- Work to complete -
Without leaving anything out, print every line of the data.

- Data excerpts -
= = = = = = =

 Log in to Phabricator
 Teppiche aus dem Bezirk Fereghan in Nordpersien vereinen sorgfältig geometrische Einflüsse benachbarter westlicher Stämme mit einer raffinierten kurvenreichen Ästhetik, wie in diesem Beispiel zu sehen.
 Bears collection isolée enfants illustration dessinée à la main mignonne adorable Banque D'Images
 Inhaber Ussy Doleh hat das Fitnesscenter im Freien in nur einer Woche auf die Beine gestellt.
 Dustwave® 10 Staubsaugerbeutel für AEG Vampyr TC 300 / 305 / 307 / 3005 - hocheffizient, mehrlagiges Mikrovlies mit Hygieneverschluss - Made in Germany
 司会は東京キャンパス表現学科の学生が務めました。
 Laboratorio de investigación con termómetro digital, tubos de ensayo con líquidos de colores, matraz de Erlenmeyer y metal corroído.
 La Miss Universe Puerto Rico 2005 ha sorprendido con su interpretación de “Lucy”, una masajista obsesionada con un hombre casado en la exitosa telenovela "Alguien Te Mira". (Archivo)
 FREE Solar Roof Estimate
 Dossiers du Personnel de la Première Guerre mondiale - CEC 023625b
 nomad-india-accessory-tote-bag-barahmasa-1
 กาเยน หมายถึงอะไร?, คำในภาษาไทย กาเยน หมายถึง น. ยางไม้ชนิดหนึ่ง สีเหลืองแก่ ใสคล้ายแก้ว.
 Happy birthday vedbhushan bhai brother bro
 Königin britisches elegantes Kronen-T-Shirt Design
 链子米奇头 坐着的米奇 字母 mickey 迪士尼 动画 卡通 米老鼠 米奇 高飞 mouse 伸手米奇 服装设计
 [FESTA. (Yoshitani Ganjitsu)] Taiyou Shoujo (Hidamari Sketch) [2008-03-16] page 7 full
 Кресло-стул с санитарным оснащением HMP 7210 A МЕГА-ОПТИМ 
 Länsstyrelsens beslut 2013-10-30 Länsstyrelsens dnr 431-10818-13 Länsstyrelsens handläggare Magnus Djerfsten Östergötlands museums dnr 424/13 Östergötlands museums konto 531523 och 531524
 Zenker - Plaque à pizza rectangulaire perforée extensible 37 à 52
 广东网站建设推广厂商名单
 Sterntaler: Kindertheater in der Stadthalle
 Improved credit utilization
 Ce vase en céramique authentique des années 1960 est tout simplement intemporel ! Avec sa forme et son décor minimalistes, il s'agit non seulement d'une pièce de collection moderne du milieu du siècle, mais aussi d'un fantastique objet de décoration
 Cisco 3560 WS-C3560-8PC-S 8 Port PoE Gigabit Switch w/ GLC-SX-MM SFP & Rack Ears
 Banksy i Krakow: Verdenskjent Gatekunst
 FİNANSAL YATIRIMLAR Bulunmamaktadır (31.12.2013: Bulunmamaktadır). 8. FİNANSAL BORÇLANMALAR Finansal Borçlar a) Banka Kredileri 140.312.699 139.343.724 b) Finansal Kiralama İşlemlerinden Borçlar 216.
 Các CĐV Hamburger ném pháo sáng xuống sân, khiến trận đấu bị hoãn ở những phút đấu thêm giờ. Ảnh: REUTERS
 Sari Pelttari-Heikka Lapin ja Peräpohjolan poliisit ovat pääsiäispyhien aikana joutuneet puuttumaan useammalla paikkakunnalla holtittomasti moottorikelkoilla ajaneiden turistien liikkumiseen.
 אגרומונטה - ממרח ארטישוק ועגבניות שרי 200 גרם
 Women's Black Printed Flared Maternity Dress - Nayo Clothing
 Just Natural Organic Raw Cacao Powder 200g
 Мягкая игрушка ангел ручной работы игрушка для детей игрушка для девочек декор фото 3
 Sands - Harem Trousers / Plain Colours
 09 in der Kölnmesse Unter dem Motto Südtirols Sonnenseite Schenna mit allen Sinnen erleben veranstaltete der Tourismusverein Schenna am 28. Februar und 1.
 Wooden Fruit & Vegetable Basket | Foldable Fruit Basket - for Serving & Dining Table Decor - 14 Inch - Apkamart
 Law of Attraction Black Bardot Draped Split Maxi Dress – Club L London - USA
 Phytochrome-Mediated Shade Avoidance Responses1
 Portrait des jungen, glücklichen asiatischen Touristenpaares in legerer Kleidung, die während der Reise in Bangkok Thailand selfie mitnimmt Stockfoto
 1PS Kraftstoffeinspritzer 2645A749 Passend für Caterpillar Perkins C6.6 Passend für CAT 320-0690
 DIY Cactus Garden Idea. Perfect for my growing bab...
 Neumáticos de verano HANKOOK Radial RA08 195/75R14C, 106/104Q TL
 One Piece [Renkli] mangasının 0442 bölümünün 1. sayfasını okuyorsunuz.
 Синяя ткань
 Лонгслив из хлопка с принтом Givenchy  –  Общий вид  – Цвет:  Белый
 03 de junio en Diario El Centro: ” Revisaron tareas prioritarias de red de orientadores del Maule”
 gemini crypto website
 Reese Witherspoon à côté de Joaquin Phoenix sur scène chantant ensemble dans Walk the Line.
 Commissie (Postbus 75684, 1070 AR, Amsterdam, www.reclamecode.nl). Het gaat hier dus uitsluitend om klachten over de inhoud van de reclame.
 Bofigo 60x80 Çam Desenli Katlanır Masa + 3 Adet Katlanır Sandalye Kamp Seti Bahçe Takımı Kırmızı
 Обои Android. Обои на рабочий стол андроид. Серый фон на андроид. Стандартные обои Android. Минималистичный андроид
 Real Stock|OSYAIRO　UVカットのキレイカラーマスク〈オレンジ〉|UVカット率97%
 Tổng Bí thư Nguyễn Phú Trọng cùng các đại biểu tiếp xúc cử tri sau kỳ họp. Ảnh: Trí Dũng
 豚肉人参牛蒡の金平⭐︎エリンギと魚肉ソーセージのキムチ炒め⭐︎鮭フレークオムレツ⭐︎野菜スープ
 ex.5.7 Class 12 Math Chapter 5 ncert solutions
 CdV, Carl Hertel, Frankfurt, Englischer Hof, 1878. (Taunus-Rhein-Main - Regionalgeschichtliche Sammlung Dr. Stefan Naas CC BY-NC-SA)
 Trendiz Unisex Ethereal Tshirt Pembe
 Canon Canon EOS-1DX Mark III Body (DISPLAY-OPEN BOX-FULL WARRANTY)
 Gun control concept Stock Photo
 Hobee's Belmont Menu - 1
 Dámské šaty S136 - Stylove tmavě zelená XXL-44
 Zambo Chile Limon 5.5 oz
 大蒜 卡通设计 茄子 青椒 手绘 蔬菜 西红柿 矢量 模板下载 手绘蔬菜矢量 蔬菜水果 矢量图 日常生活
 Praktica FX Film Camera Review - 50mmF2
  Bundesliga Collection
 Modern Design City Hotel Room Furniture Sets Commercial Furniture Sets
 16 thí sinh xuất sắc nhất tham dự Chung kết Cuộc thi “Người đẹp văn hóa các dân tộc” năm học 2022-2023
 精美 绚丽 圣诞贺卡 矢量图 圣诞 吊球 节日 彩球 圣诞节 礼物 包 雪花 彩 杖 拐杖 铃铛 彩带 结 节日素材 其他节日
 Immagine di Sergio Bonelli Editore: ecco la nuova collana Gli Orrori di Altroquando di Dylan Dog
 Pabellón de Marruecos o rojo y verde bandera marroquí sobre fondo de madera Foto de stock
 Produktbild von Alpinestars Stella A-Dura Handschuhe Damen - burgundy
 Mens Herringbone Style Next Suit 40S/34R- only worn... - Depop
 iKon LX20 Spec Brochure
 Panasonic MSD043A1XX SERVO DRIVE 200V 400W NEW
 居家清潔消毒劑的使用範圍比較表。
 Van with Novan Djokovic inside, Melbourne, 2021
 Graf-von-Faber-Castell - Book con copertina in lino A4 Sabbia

= = = = = = =

- Reply -
 Log in to Phabricator
 Teppiche aus dem Bezirk Fereghan in Nordpersien vereinen sorgfältig geometrische Einflüsse benachbarter westlicher Stämme mit einer raffinierten kurvenreichen Ästhetik, wie in diesem Beispiel zu sehen.
 Bears collection isolée enfants illustration dessinée à la main mignonne adorable Banque D'Images
 Inhaber Ussy Doleh hat das Fitnesscenter im Freien in nur einer Woche auf die Beine gestellt.
 Dustwave® 10 Staubsaugerbeutel für AEG Vampyr TC 300 / 305 / 307 / 3005 - hocheffizient, mehrlagiges Mikrovlies mit Hygieneverschluss - Made in Germany
 司会は東京キャンパス表現学科の学生が務めました。
 Laboratorio de investigación con termómetro digital, tubos de ensayo con líquidos de colores, matraz de Erlenmeyer y metal corroído.
 La Miss Universe Puerto Rico 2005 ha sorprendido con su interpretación de “Lucy”, una masajista obsesionada con un hombre casado en la exitosa telenovela "Alguien Te Mira". (Archivo)
 FREE Solar Roof Estimate
 Dossiers du Personnel de la Première Guerre mondiale - CEC 023625b
 nomad-india-accessory-tote-bag-barahmasa-1
 กาเยน หมายถึงอะไร?, คำในภาษาไทย กาเยน หมายถึง น. ยางไม้ชนิดหนึ่ง สีเหลืองแก่ ใสคล้ายแก้ว.
 Happy birthday vedbhushan bhai brother bro
 Königin britisches elegantes Kronen-T-Shirt Design
 链子米奇头 坐着的米奇 字母 mickey 迪士尼 动画 卡通 米老鼠 米奇 高飞 mouse 伸手米奇 服装设计
 [FESTA. (Yoshitani Ganjitsu)] Taiyou Shoujo (Hidamari Sketch) [2008-03-16] page 7 full
 Кресло-стул с санитарным оснащением HMP 7210 A МЕГА-ОПТИМ 
 Länsstyrelsens beslut 2013-10-30 Länsstyrelsens dnr 431-10818-13 Länsstyrelsens handläggare Magnus Djerfsten Östergötlands museums dnr 424/13 Östergötlands museums konto 531523 och 531524
 Zenker - Plaque à pizza rectangulaire perforée extensible 37 à 52
 广东网站建设推广厂商名单
 Sterntaler: Kindertheater in der Stadthalle
 Improved credit utilization
 Ce vase en céramique authentique des années 1960 est tout simplement intemporel ! Avec sa forme et son décor minimalistes, il s'agit non seulement d'une pièce de collection moderne du milieu du siècle, mais aussi d'un fantastique objet de décoration
 Cisco 3560 WS-C3560-8PC-S 8 Port PoE Gigabit Switch w/ GLC-SX-MM SFP & Rack Ears
 Banksy i Krakow: Verdenskjent Gatekunst
 FİNANSAL YATIRIMLAR Bulunmamaktadır (31.12.2013: Bulunmamaktadır). 8. FİNANSAL BORÇLANMALAR Finansal Borçlar a) Banka Kredileri 140.312.699 139.343.724 b) Finansal Kiralama İşlemlerinden Borçlar 216.
 Các CĐV Hamburger ném pháo sáng xuống sân, khiến trận đấu bị hoãn ở những phút đấu thêm giờ. Ảnh: REUTERS
 Sari Pelttari-Heikka Lapin ja Peräpohjolan poliisit ovat pääsiäispyhien aikana joutuneet puuttumaan useammalla paikkakunnalla holtittomasti moottorikelkoilla ajaneiden turistien liikkumiseen.
 אגרומונטה - ממרח ארטישוק ועגבניות שרי 200 גרם
 Women's Black Printed Flared Maternity Dress - Nayo Clothing
 Just Natural Organic Raw Cacao Powder 200g
 Мягкая игрушка ангел ручной работы игрушка для детей игрушка для девочек декор фото 3
 Sands - Harem Trousers / Plain Colours
 09 in der Kölnmesse Unter dem Motto Südtirols Sonnenseite Schenna mit allen Sinnen erleben veranstaltete der Tourismusverein Schenna am 28. Februar und 1.
 Wooden Fruit & Vegetable Basket | Foldable Fruit Basket - for Serving & Dining Table Decor - 14 Inch - Apkamart
 Law of Attraction Black Bardot Draped Split Maxi Dress – Club L London - USA
 Phytochrome-Mediated Shade Avoidance Responses1
 Portrait des jungen, glücklichen asiatischen Touristenpaares in legerer Kleidung, die während der Reise in Bangkok Thailand selfie mitnimmt Stockfoto
 1PS Kraftstoffeinspritzer 2645A749 Passend für Caterpillar Perkins C6.6 Passend für CAT 320-0690
 DIY Cactus Garden Idea. Perfect for my growing bab...
 Neumáticos de verano HANKOOK Radial RA08 195/75R14C, 106/104Q TL
 One Piece [Renkli] mangasının 0442 bölümünün 1. sayfasını okuyorsunuz.
 Синяя ткань
 Лонгслив из хлопка с принтом Givenchy  –  Общий вид  – Цвет:  Белый
 03 de junio en Diario El Centro: ” Revisaron tareas prioritarias de red de orientadores del Maule”
 gemini crypto website
 Reese Witherspoon à côté de Joaquin Phoenix sur scène chantant ensemble dans Walk the Line.
 Commissie (Postbus 75684, 1070 AR, Amsterdam, www.reclamecode.nl). Het gaat hier dus uitsluitend om klachten over de inhoud van de reclame.
 Bofigo 60x80 Çam Desenli Katlanır Masa + 3 Adet Katlanır Sandalye Kamp Seti Bahçe Takımı Kırmızı
 Обои Android. Обои на рабочий стол андроид. Серый фон на андроид. Стандартные обои Android. Минималистичный андроид
 Real Stock|OSYAIRO　UVカットのキレイカラーマスク〈オレンジ〉|UVカット率97%
 Tổng Bí thư Nguyễn Phú Trọng cùng các đại biểu tiếp xúc cử tri sau kỳ họp. Ảnh: Trí Dũng
 豚肉人参牛蒡の金平⭐︎エリンギと魚肉ソーセージのキムチ炒め⭐︎鮭フレークオムレツ⭐︎野菜スープ
 ex.5.7 Class 12 Math Chapter 5 ncert solutions
 CdV, Carl Hertel, Frankfurt, Englischer Hof, 1878. (Taunus-Rhein-Main - Regionalgeschichtliche Sammlung Dr. Stefan Naas CC BY-NC-SA)
 Trendiz Unisex Ethereal Tshirt Pembe
 Canon Canon EOS-1DX Mark III Body (DISPLAY-OPEN BOX-FULL WARRANTY)
 Gun control concept Stock Photo
 Hobee's Belmont Menu - 1
 Dámské šaty S136 - Stylove tmavě zelená XXL-44
 Zambo Chile Limon 5.5 oz
 大蒜 卡通设计 茄子 青椒 手绘 蔬菜 西红柿 矢量 模板下载 手绘蔬菜矢量 蔬菜水果 矢量图 日常生活
 Praktica FX Film Camera Review - 50mmF2
  Bundesliga Collection
 Modern Design City Hotel Room Furniture Sets Commercial Furniture Sets
 16 thí sinh xuất sắc nhất tham dự Chung kết Cuộc thi “Người đẹp văn hóa các dân tộc” năm học 2022-2023
 精美 绚丽 圣诞贺卡 矢量图 圣诞 吊球 节日 彩球 圣诞节 礼物 包 雪花 彩 杖 拐杖 铃铛 彩带 结 节日素材 其他节日
 Immagine di Sergio Bonelli Editore: ecco la nuova collana Gli Orrori di Altroquando di Dylan Dog
 Pabellón de Marruecos o rojo y verde bandera marroquí sobre fondo de madera Foto de stock
 Produktbild von Alpinestars Stella A-Dura Handschuhe Damen - burgundy
 Mens Herringbone Style Next Suit 40S/34R- only worn... - Depop
 iKon LX20 Spec Brochure
 Panasonic MSD043A1XX SERVO DRIVE 200V 400W NEW
 居家清潔消毒劑的使用範圍比較表。
 Van with Novan Djokovic inside, Melbourne, 2021
 Graf-von-Faber-Castell - Book con copertina in lino A4 Sabbia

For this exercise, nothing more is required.